How times have changed. Revenue from shipments are down 20 percent during the first six months of 2015 after falling 25 percent last year, the data show. Unemployment in Santos rose to 12.2 percent in May, up more than 2 percentage points from four years earlier, according to Santa Cecilia University. And falling demand for large office spaces has driven down prices 3 percent from December, said Robert Zarif, an economic consultant who tracks the local market.

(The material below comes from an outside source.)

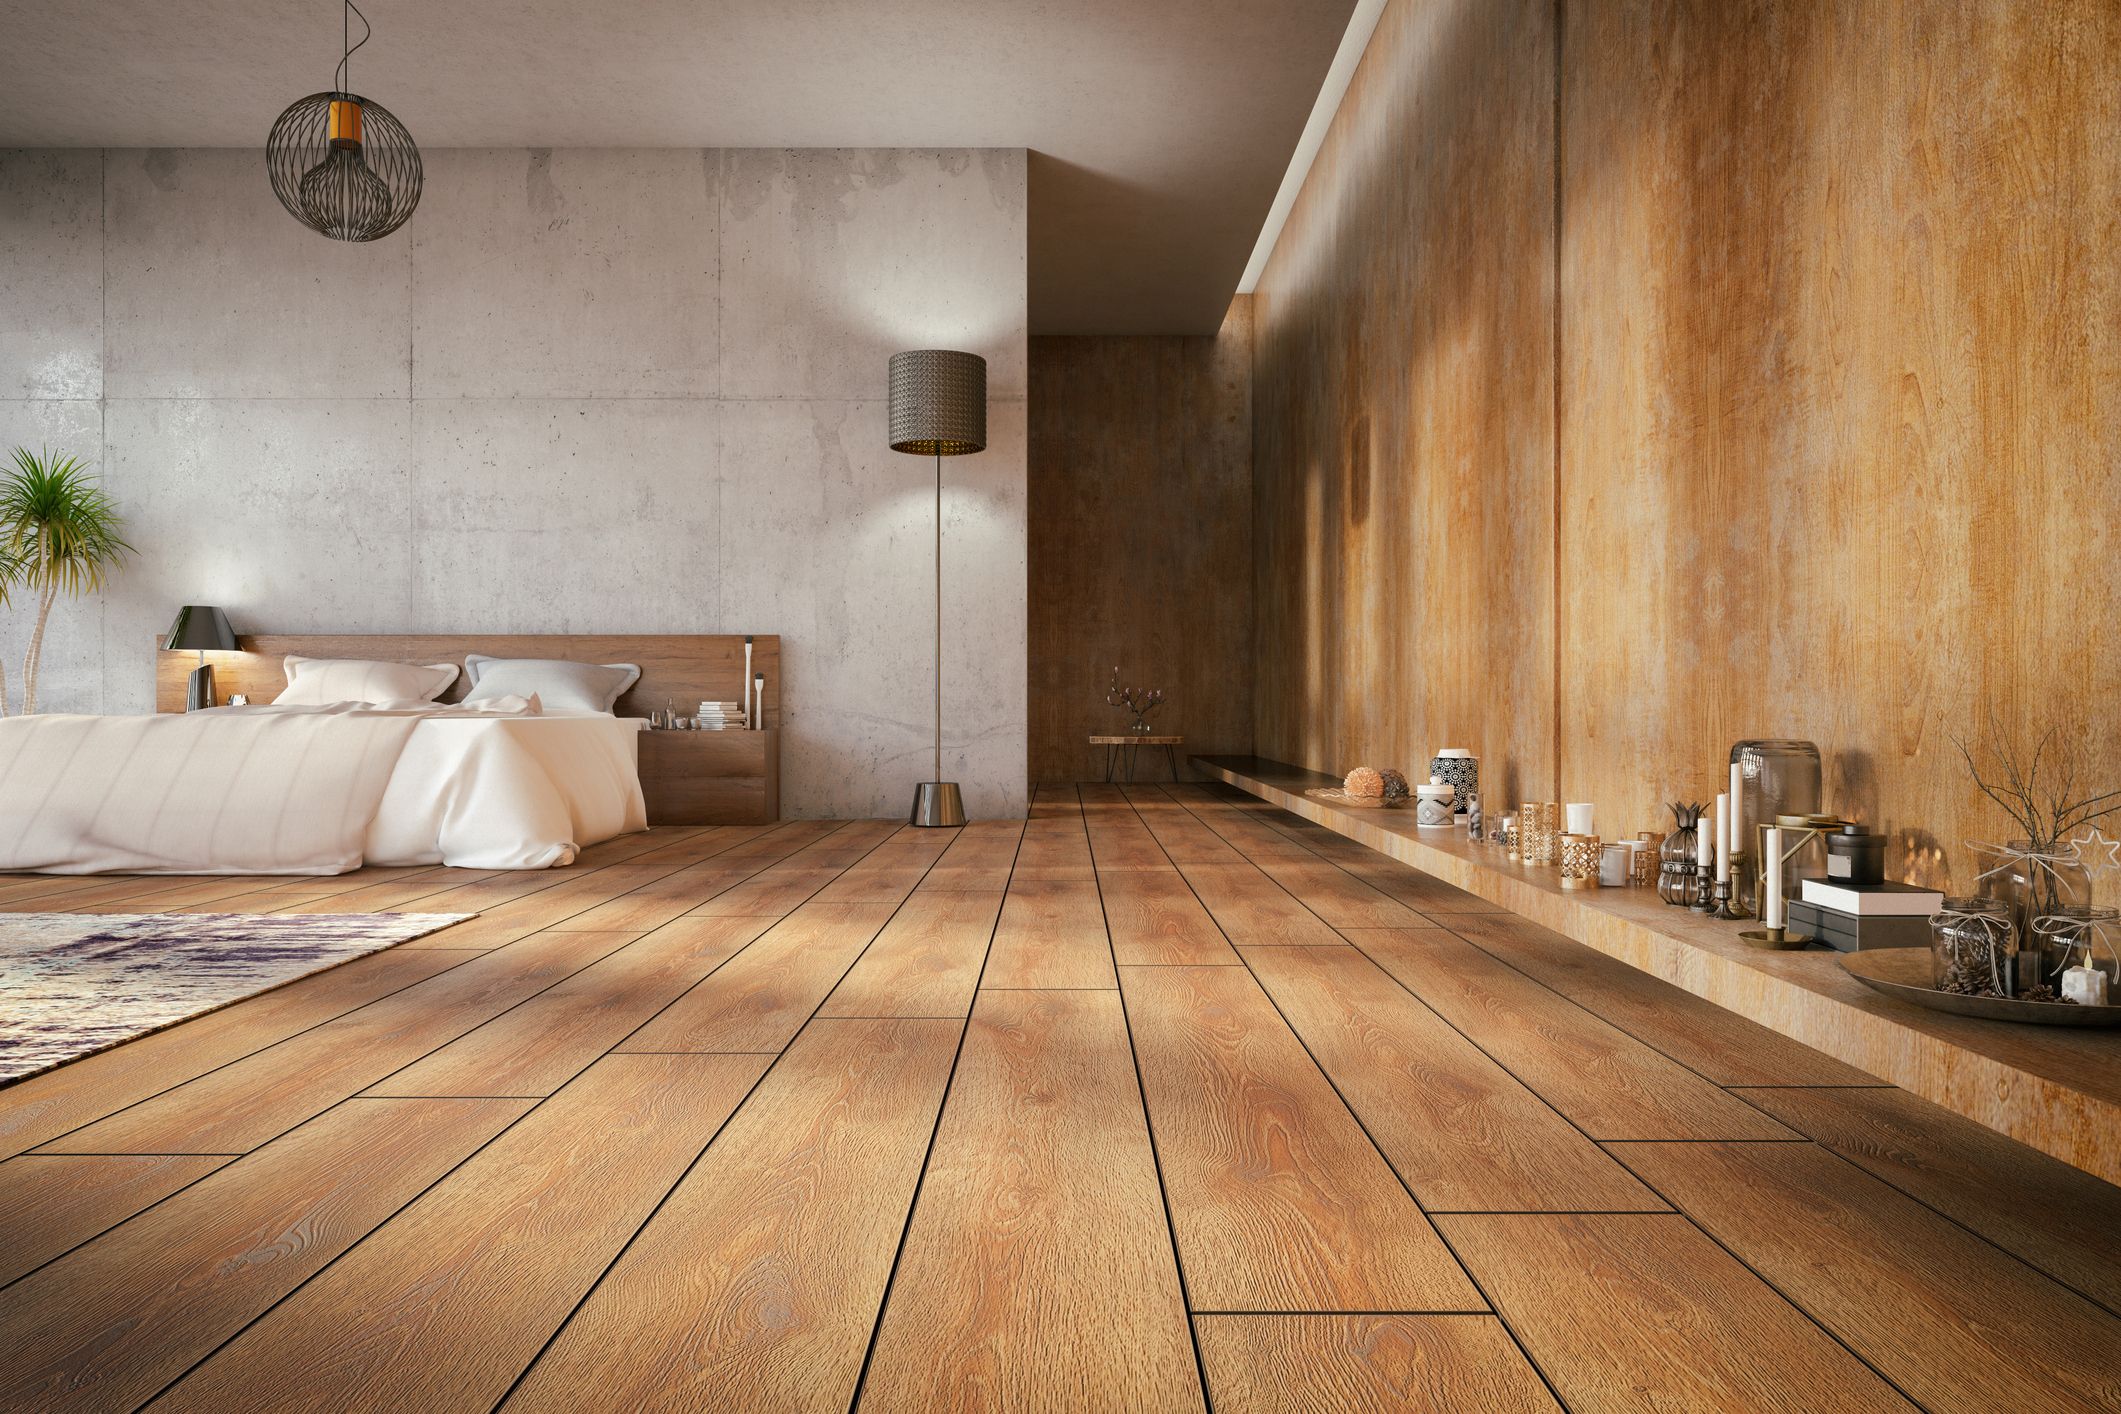 4 Important Questions to Ask When Shopping for Wood Flooring

Analysts in a central bank survey published Monday forecast Brazil’s economy to shrink 1.76 percent this year. Standard & Poor’s on Tuesday said it may cut the nation’s credit rating to junk.

Neymar, Pele

“We can blame Santos’s situation on two factors: the effects of Petrobras reducing its investments and the economic recession,” said Carlos Eduardo Lima, president of public works at Brazil’s construction industry confederation. “It’s a perfect photograph of Brazil’s slowdown.”

Better known as the town where soccer star Neymar Junior got his start and where sports legend Pele spent the bulk of his career, Santos is one of Brazil’s oldest cities. Founded in 1546, the city center is lined with cobble-stone streets and colonial-era buildings.

Three blocks from the Petrobras tower sits another office project, this one finished but mostly unoccupied. When Cyrela Brazil Realty SA broke ground on the project in 2010, it declared Santos “the center of excellent opportunities.”

‘Even Worse’

Neymar’s old team, Santos FC, was a major selling point back then. At the time, Santos FC was on its way to becoming the South American club champion a year later. Now, it’s on the verge of dropping out of the Brazilian National League’s top division.

Today, only three of the 212 offices in the building have been rented. Cyrela said in an e-mail response to questions that it sold all the units and renting is the responsibility of the owners.

“When we bought office space we had the allure of Petrobras and pre-salt,” said Edson Delgado Boschilia, administrator at real-estate company Infinity Holding. “Since April, nobody is looking to rent an office from us. And if you don’t have interested renters, the chances of selling are even worse.”